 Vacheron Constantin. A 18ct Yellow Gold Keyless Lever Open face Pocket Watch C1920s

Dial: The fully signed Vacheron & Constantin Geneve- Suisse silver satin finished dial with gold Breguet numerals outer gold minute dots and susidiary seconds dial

______

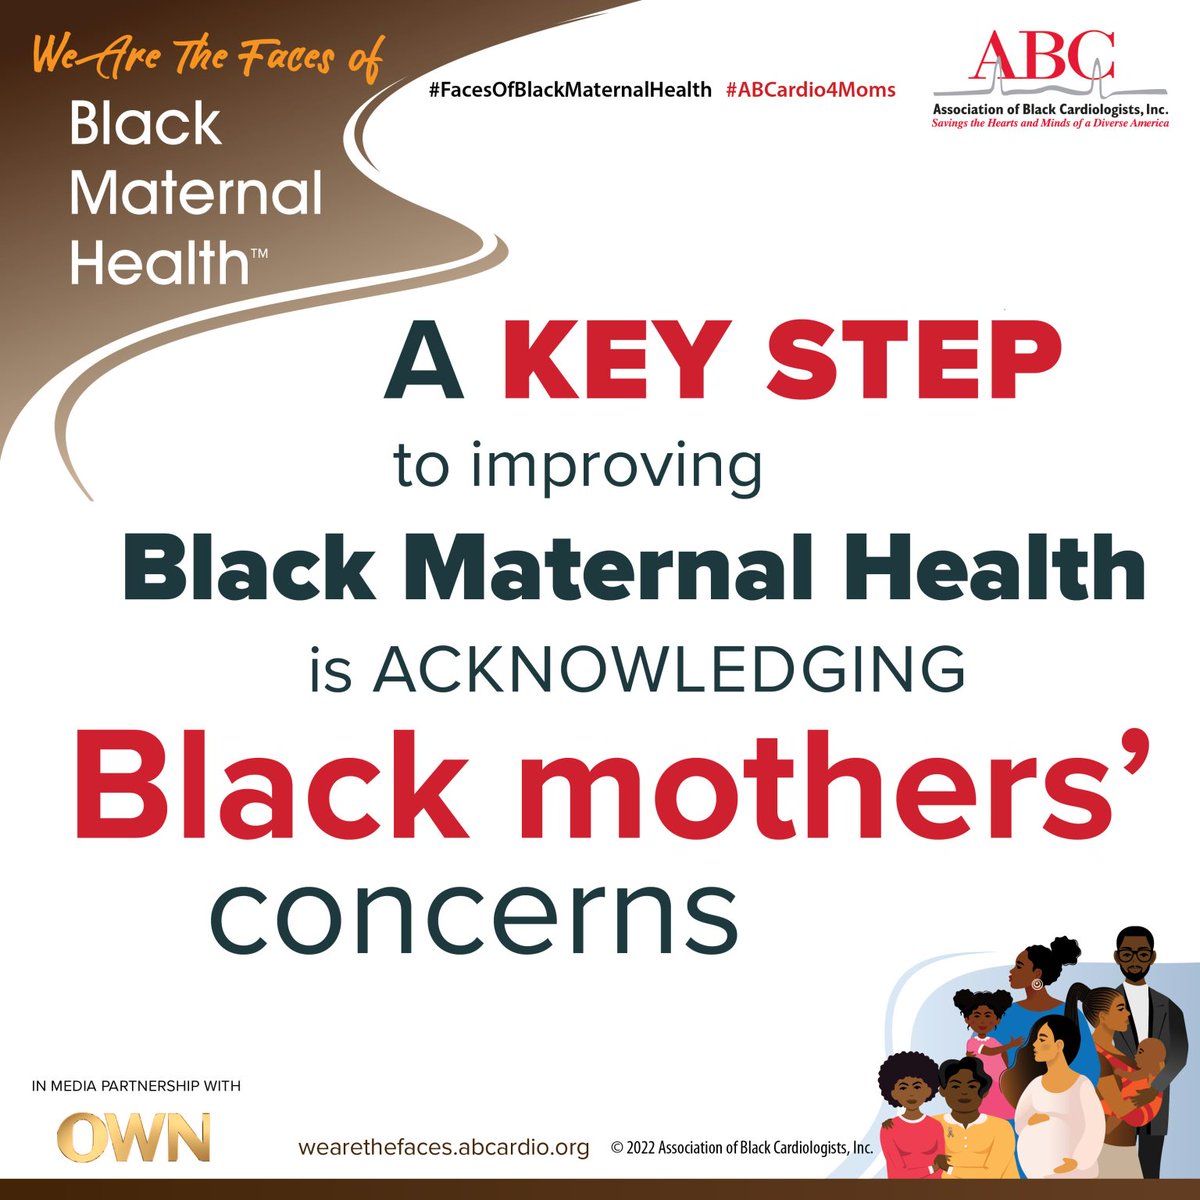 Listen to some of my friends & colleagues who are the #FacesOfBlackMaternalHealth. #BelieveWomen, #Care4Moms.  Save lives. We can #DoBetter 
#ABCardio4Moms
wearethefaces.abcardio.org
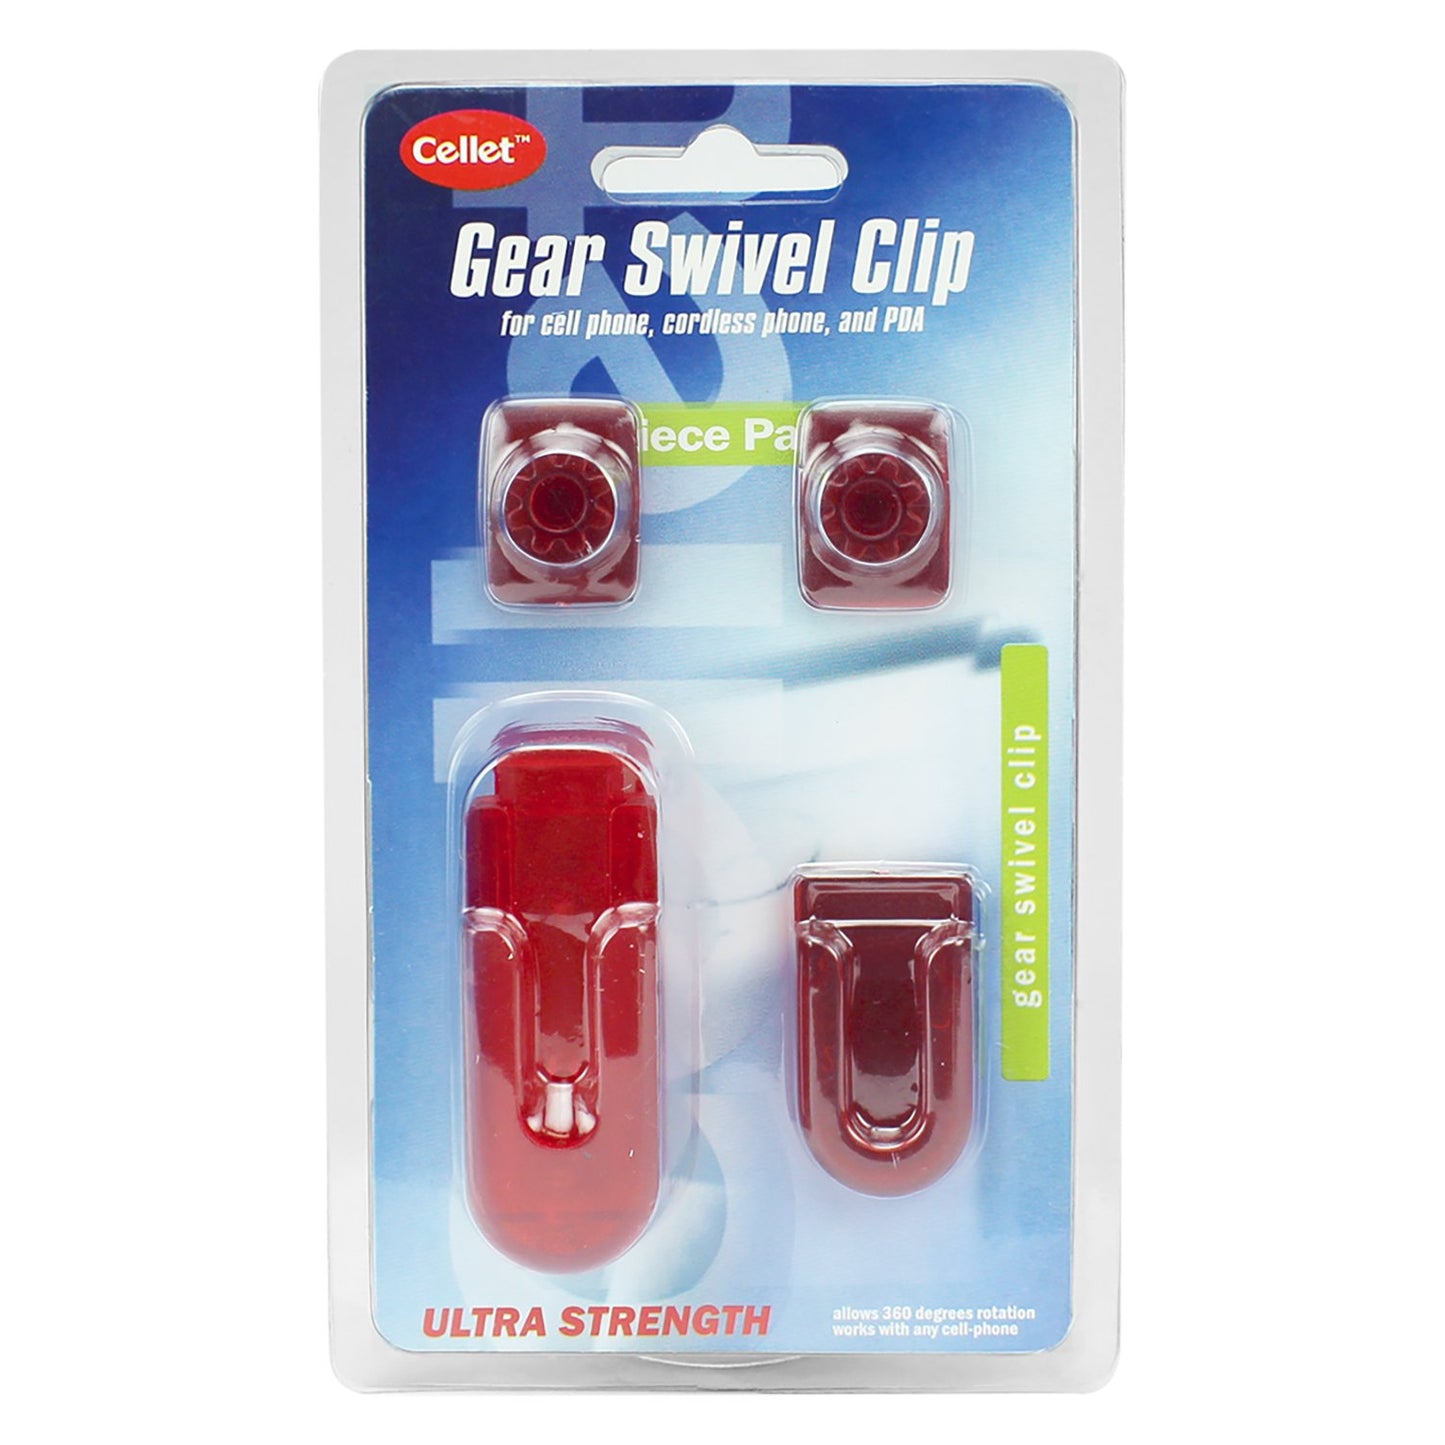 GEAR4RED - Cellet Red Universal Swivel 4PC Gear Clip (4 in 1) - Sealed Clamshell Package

______

In the entries above, find the line that contains "#ABCardio4Moms" and the line that contains "GEAR4RED - Cellet". Reproduce exactly those two lines and every line between them, but not the pictures.

#ABCardio4Moms
wearethefaces.abcardio.org
 GEAR4RED - Cellet Red Universal Swivel 4PC Gear Clip (4 in 1) - Sealed Clamshell Package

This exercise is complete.